What this means in practice: the threat actor treats publishing names, namespaces, and bundle contents as disposable, and treats payload-host infrastructure and the underlying dropper toolkit as persistent. The disposable layer is what marketplace policy can react to. The persistent layer is what attribution analysis must hold onto. Bane is built on the assumption that the persistent layer is where the actor identity lives.
Conclusion
Detection without attribution leaves the threat actor playing the same game indefinitely. A malicious extension is removed; the next one is uploaded minutes later under a different publisher. A naming pattern is added to a blocklist; the generator’s regex is altered to evade it. A YARA rule is published; the next bundle reorders the offending function. None of these reactions touch the threat actor’s actual cost structure, which is dominated by toolkit development, not by individual sample publication.

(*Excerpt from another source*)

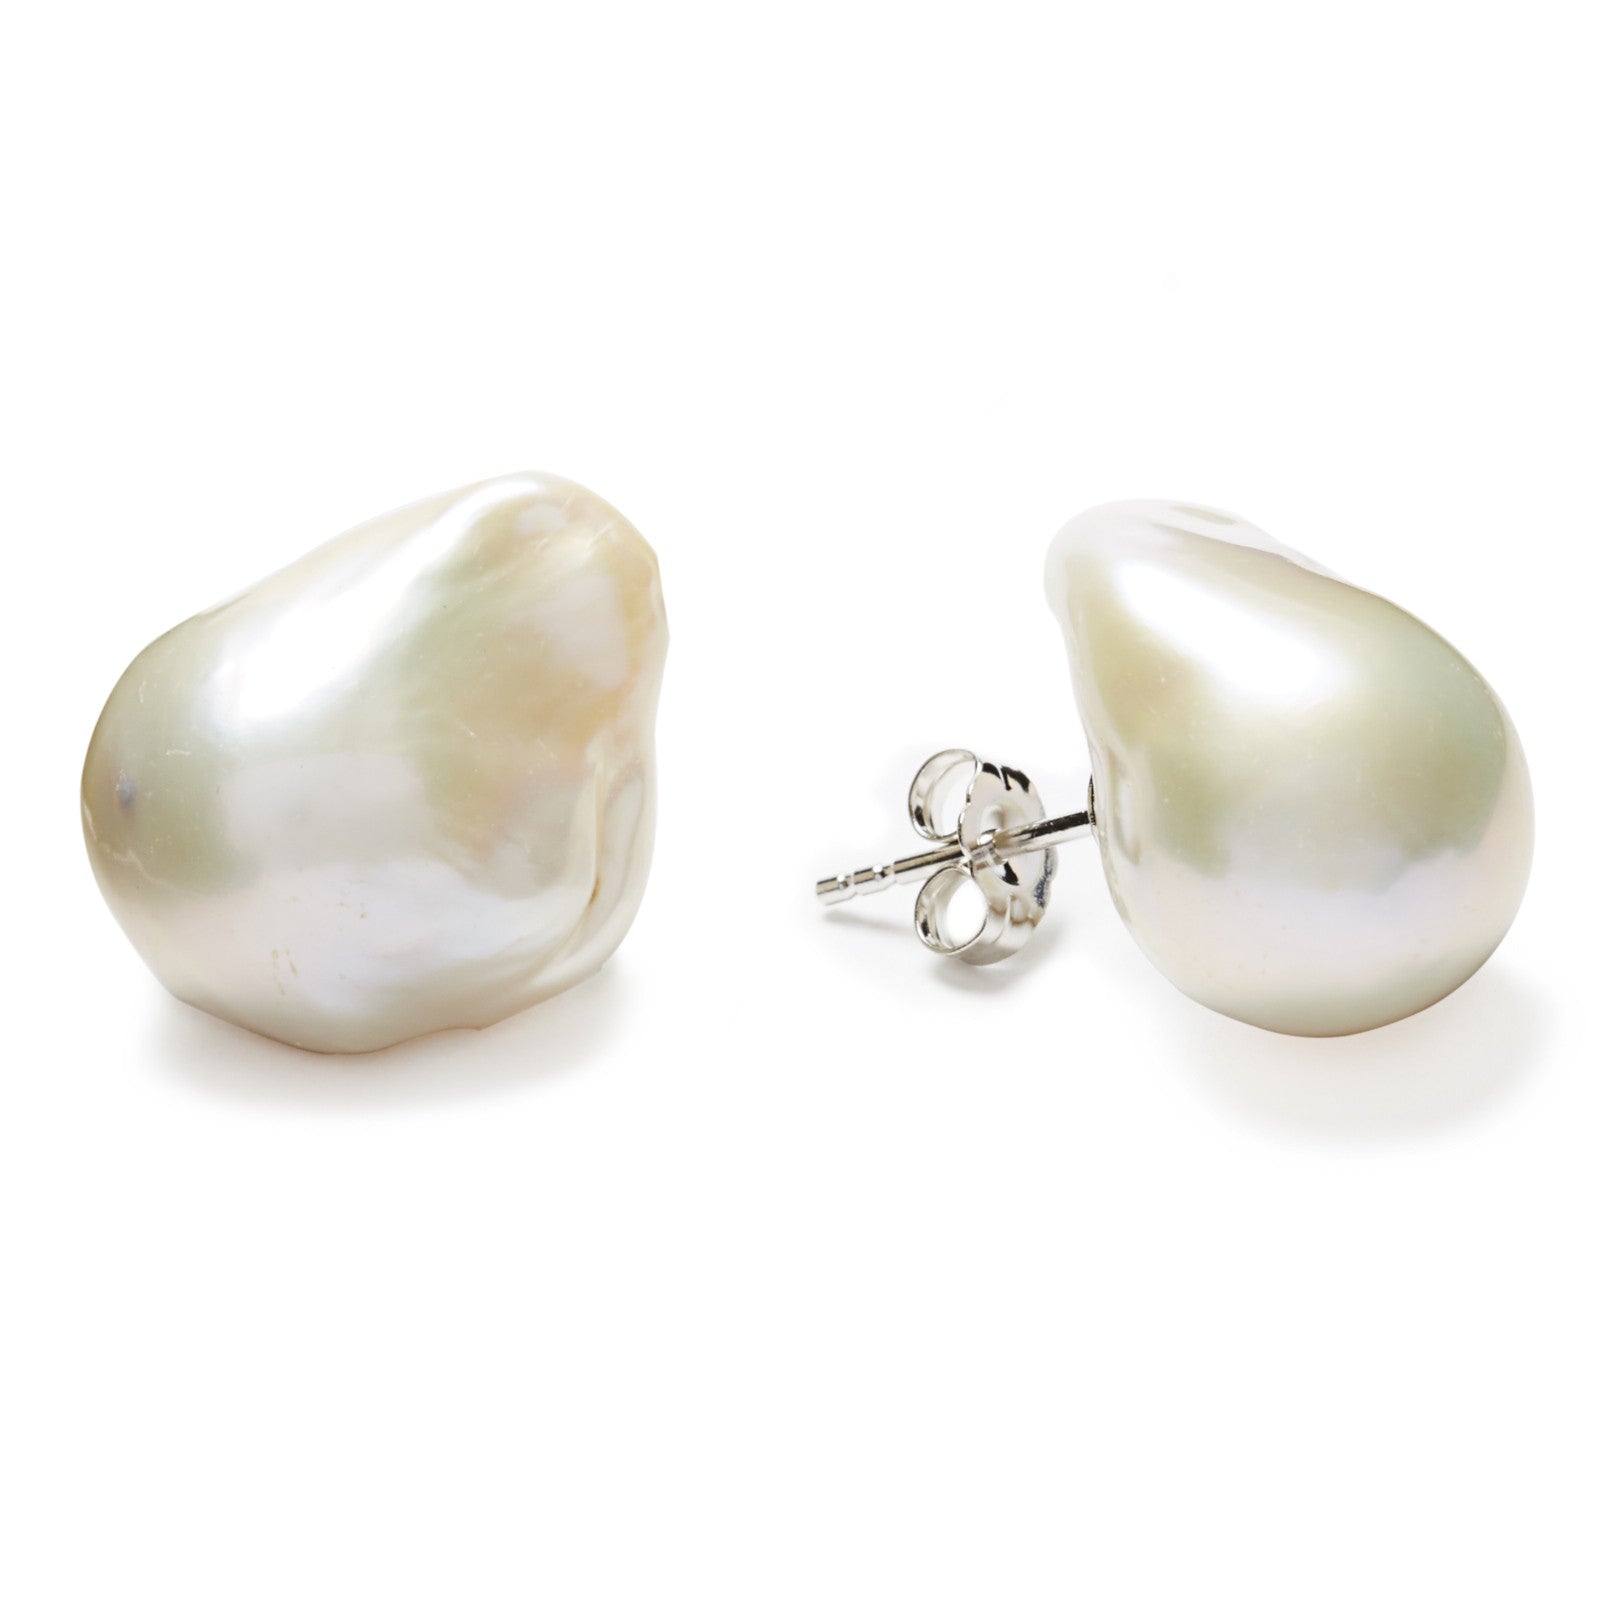 Sparkling Pearl charms 10mm - earrings, pendants, bracelets, rings,  necklaces, jewelry, presents for women, elements

Attribution flips that asymmetry. When every sample shipped under a new identity is automatically linked to a known threat actor’s prior corpus, the threat actor’s costs scale with their toolkit rather than with their publishing volume. Replacing the dropper meaningfully — changing the gene population that survives obfuscation — is expensive; iterating publisher names is free. The Bane methodology is designed to make the cheap part useless and the expensive part the threat actor’s only remaining option.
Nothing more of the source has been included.